Power Procurement Strategies thought leadership article
We need to build 5x the amount of transmission infrastructure in the next seven years than has been built in the last 30.

Leah Holmes
Associate, Smart Energy and Sustainability

By now, most of us are aware of the UK’s net zero emissions by 2050 target. It’s tattooed into our consciousness as a nation.

As consumers, we’re trying to develop more sustainable habits. Across the built environment we’re finding ways to build greener and designing with long-term, climate resilient communities in mind. And, in parallel to this, our government is focusing on building a secure, home-grown energy sector that reduces reliance on fossil fuels and our exposure to volatile global wholesale energy prices.

Sounds like we’re on the right track. Well, no, not really. At this point, there isn’t a comprehensive power grid delivery plan to back up those ambitions. Which means there’s every chance the government will fail to hit its targets.

No power grid plan, no net zero

The government has set an ambition for all UK electricity to be generated using clean sources, a classification which now includes nuclear, by 2035.

Greenhouse gas emissions from UK power generation have fallen considerably over the last three decades but around 40 per cent of the nation’s electricity still comes from natural gas, a polluting fossil fuel.

Meeting our 2035 target is therefore going to require a rapid expansion of wind, solar and nuclear power during the next decade.

You might think the greatest challenge is building the generating assets —but, in fact, network capacity keeping pace with electricity generation is proving just as difficult. It’s becoming clearer by the day that rapid investment in the grid is something we desperately need.

How can we create energy equity, security and sustainability?

It’s a multi-billion-pound question. One that there’s no easy answer for. But one thing’s for certain, the ‘energy trilemma’ is the top priority.

All signs suggest that the more energy the UK needs, the less energy secure we are as a nation. The energy trilemma — reliability, affordability, and sustainability — hugely impacts our everyday lives and we simply must find solutions that allow businesses, organisations and individuals to strike a balance between those three core energy elements. Our energy transition hinges on it.

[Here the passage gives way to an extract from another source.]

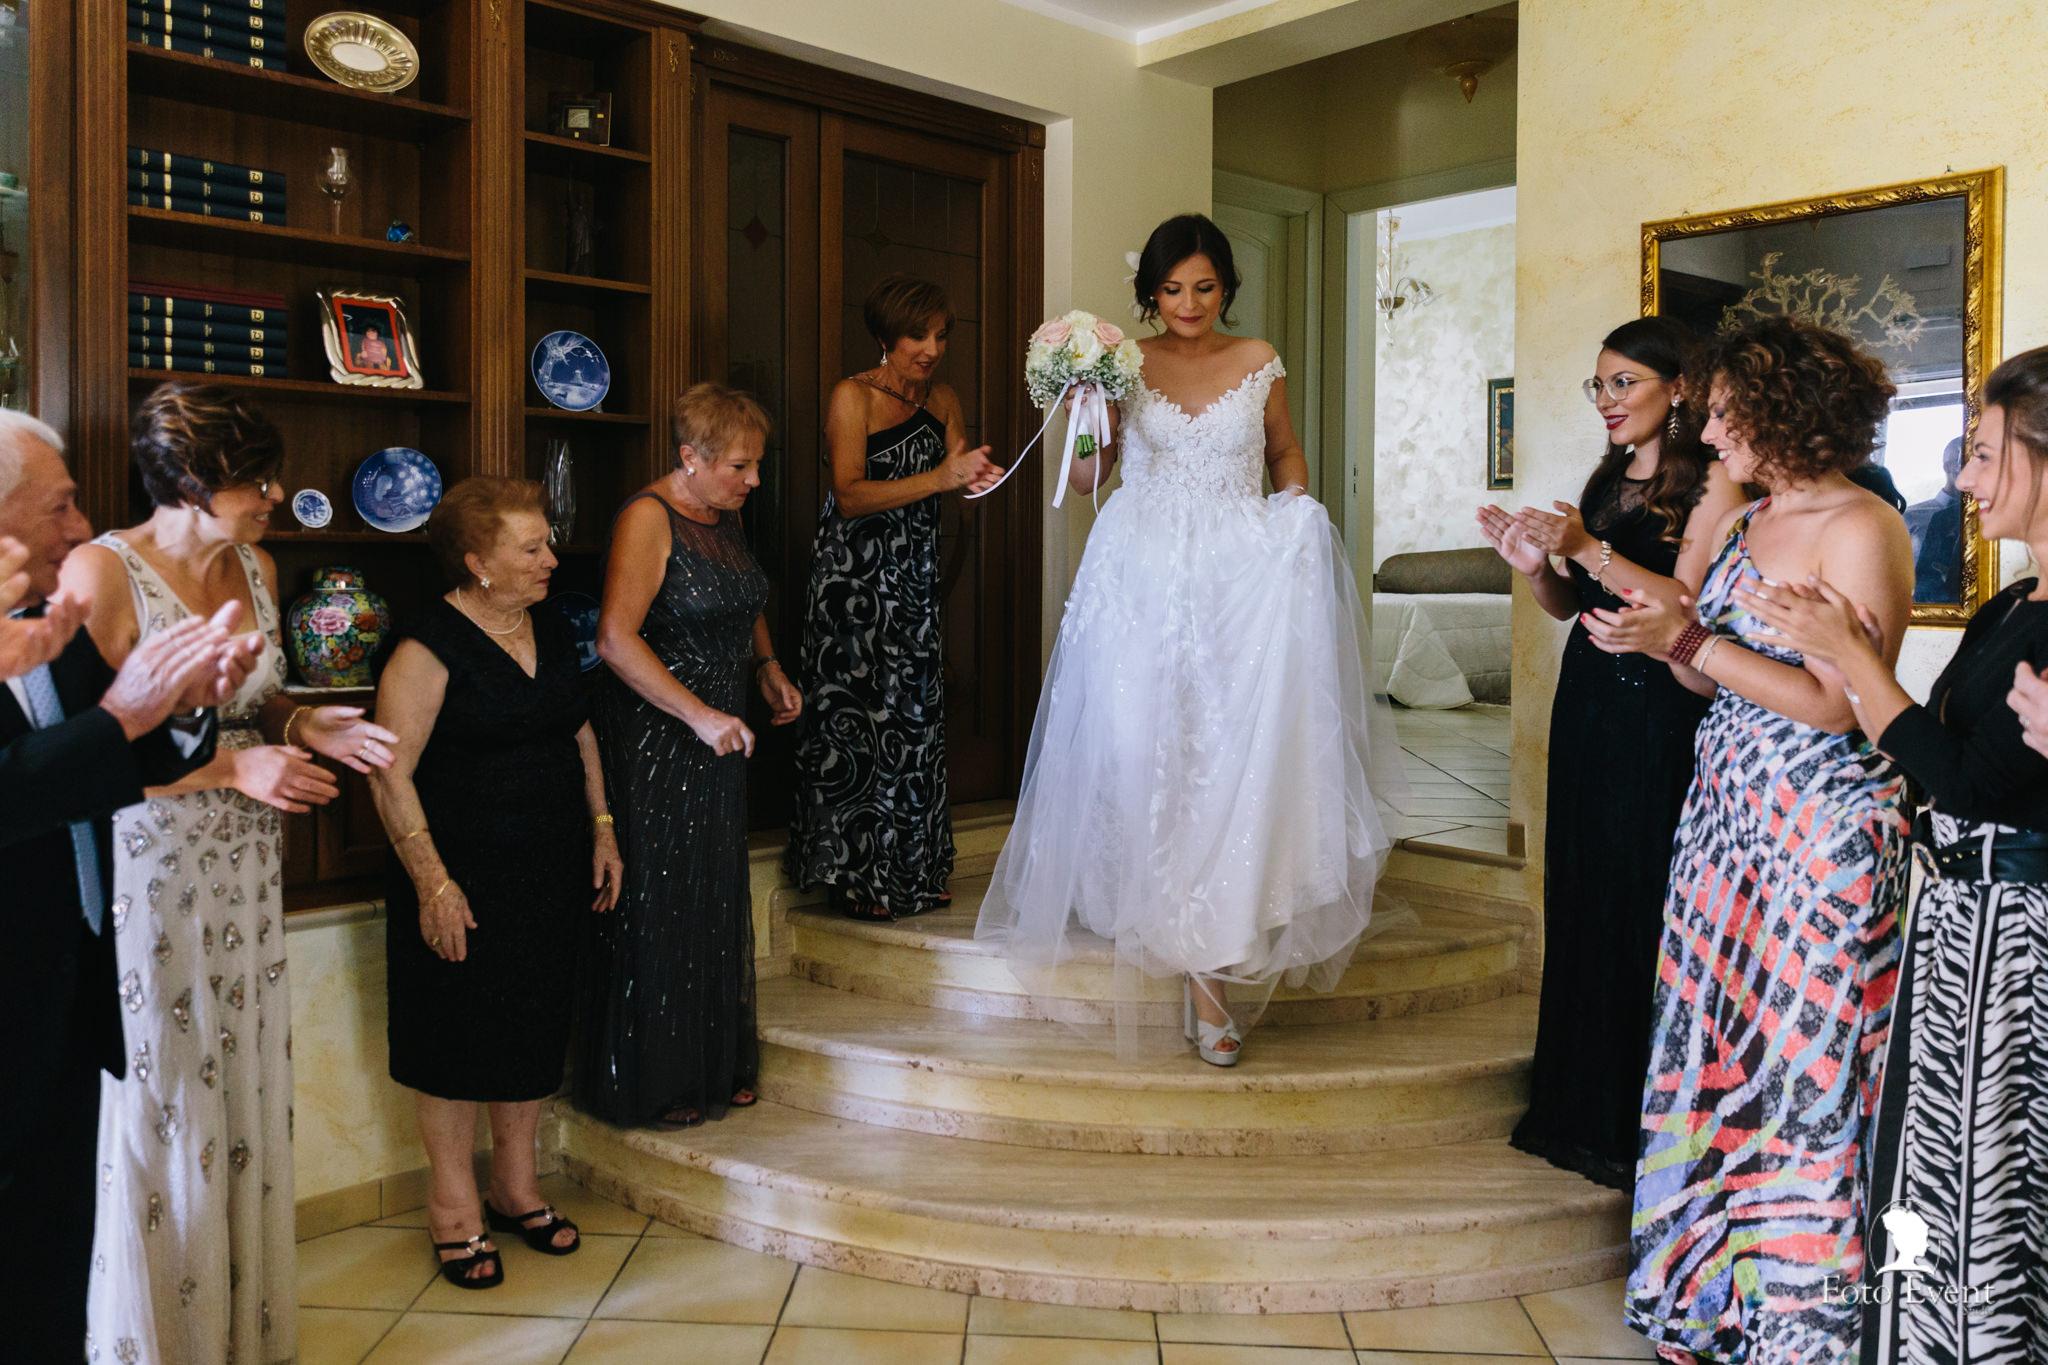 016-2019-09-09-Matrimonio-Dorotea-e-Alberto-Iemmolo-5DE-432
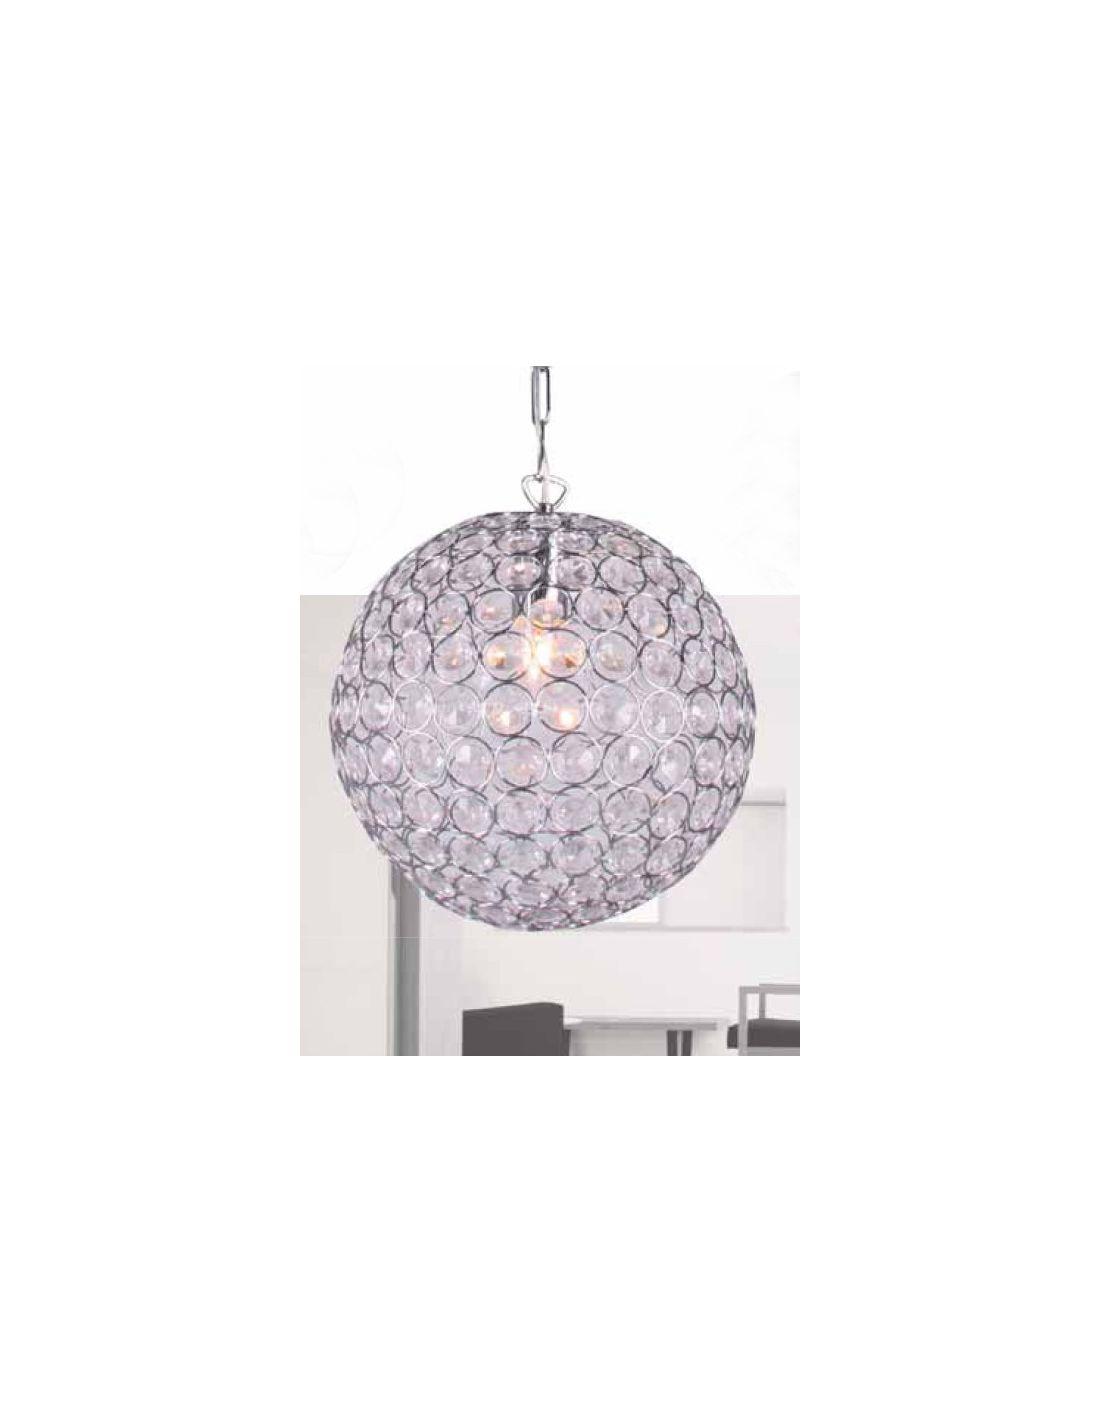 lamparas dise o ideas iluminacion iluminacion dise o

Supporting this energy transition, local authorities — as the closest body of government to members of the public — play a critical role in ensuring communities benefit from initiatives and new opportunities designed to drive us towards net zero.

Looking through the lens of a local authority, this starts with the recognition that answers often lie within the communities in which they serve, with people already participating in energy systems and contributing to a ‘just transition’ in niche ways.

Around the country this is taking shape as local authorities develop climate action plans, engage in innovative private-public partnerships, participate in renewable energy procurement schemes, support community energy cooperatives and are even purchasing energy generating assets such as onshore wind and solar farms.

Why reliable energy is the hottest commodity around
Podcast

Leah Holmes features in the latest Place North West podcast exploring the state of the National Grid, increasing demand for reliable energy, and how the private and public sectors are tackling the problem.

Listen here

Access SCR: The race for power

As part of Ofgem’s Access and Forward-looking Significant Code Review (Access SCR), it looked at the fairness of ongoing locational charges and the mechanisms that determine who pays.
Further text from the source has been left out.